_SUPPLIED MATERIAL_
-*-*-

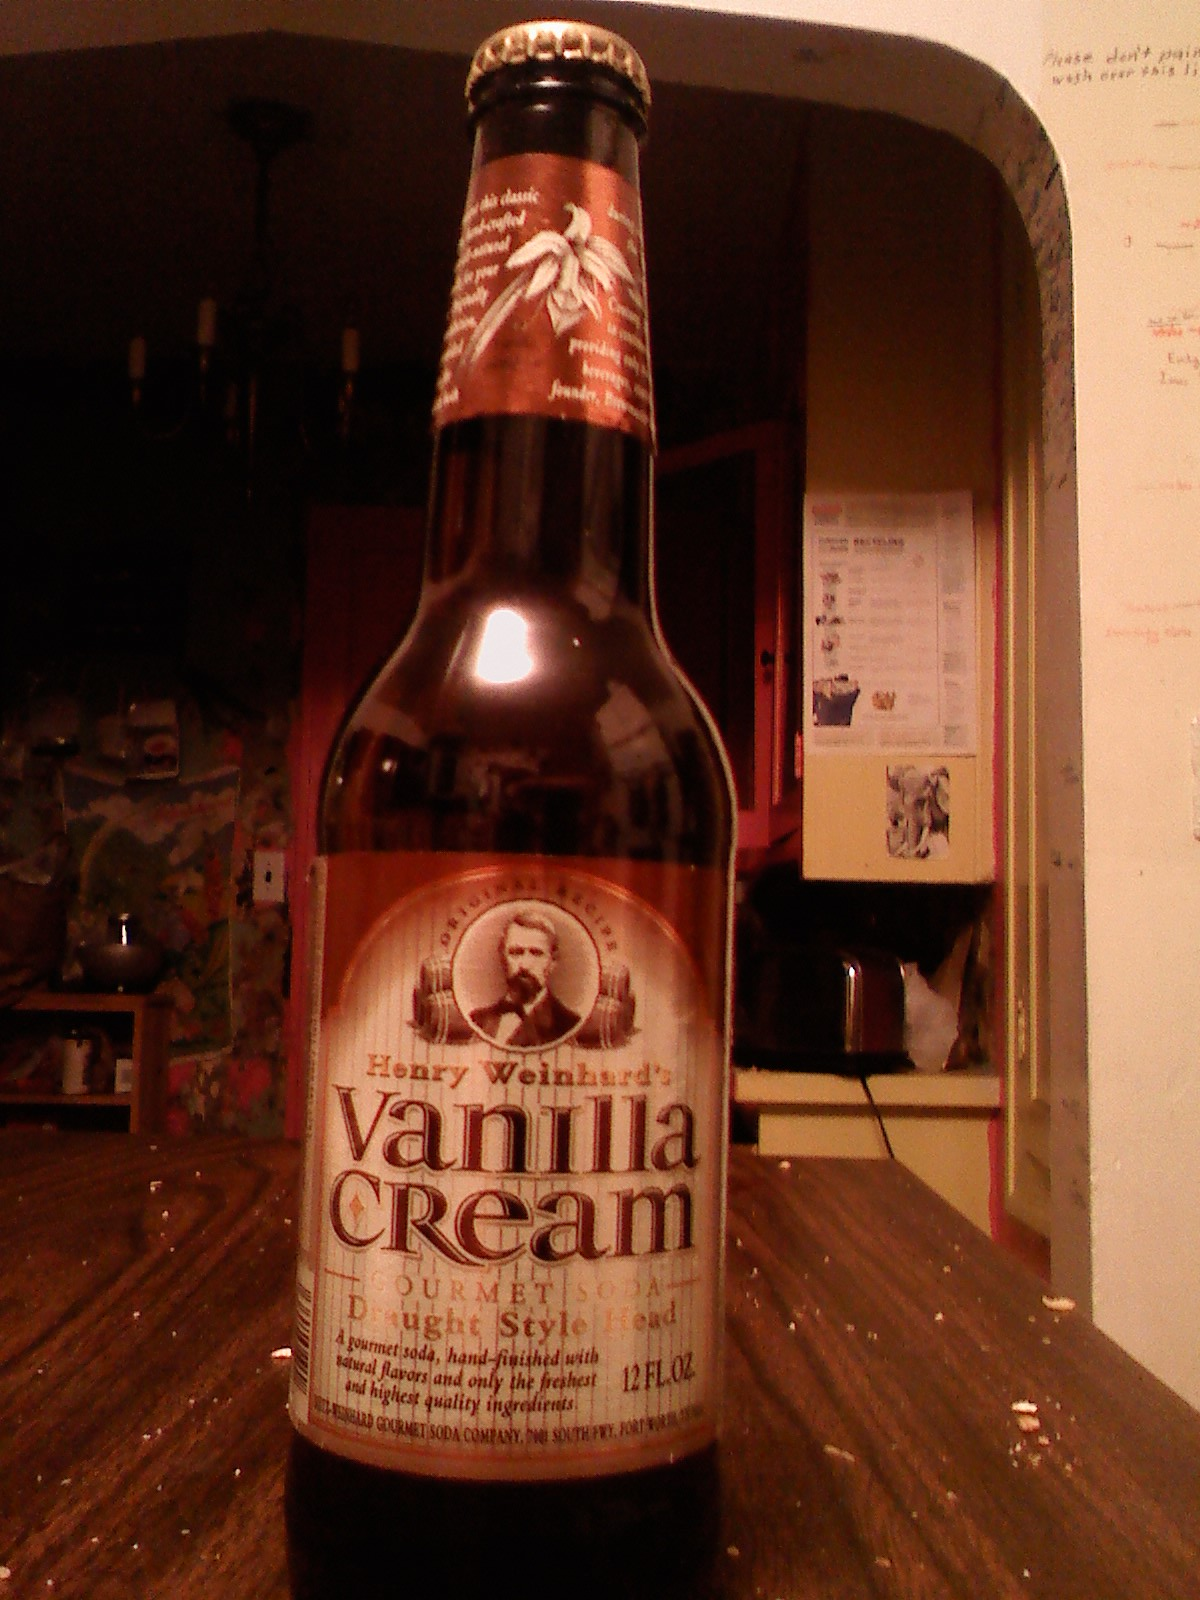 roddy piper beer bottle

-*-*-

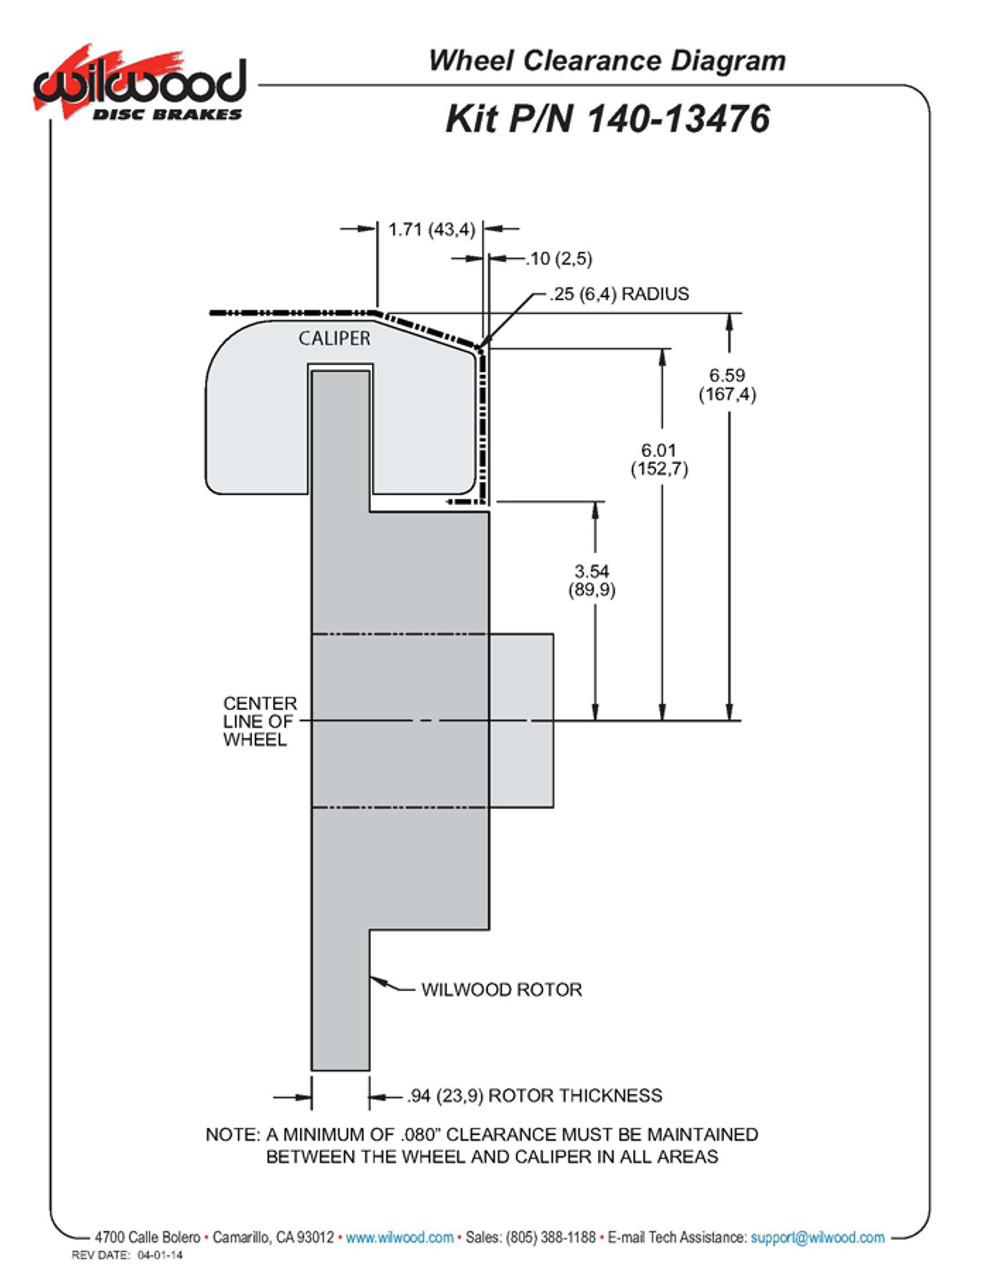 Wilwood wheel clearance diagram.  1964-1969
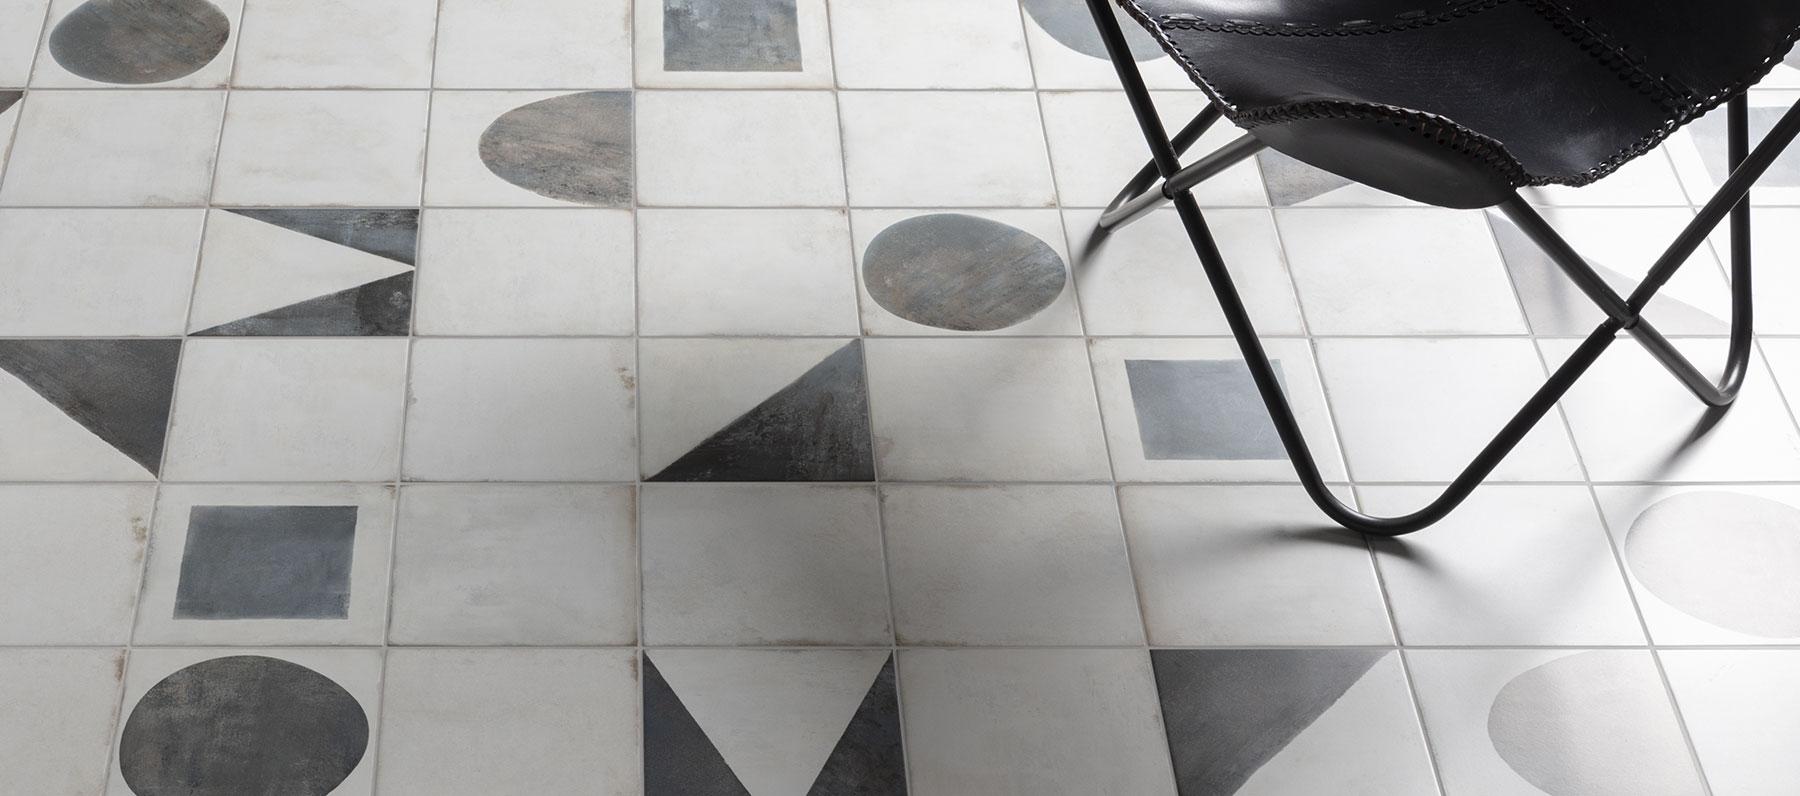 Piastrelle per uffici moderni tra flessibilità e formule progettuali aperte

-*-*-

_WORK TASK_
Your answer should consist of the lines above between those holding "Wilwood wheel clearance" and "Piastrelle per uffici", inclusive, reproduced word for word and without pictures.

_WORKED SOLUTION_
 Wilwood wheel clearance diagram.  1964-1969
 Piastrelle per uffici moderni tra flessibilità e formule progettuali aperte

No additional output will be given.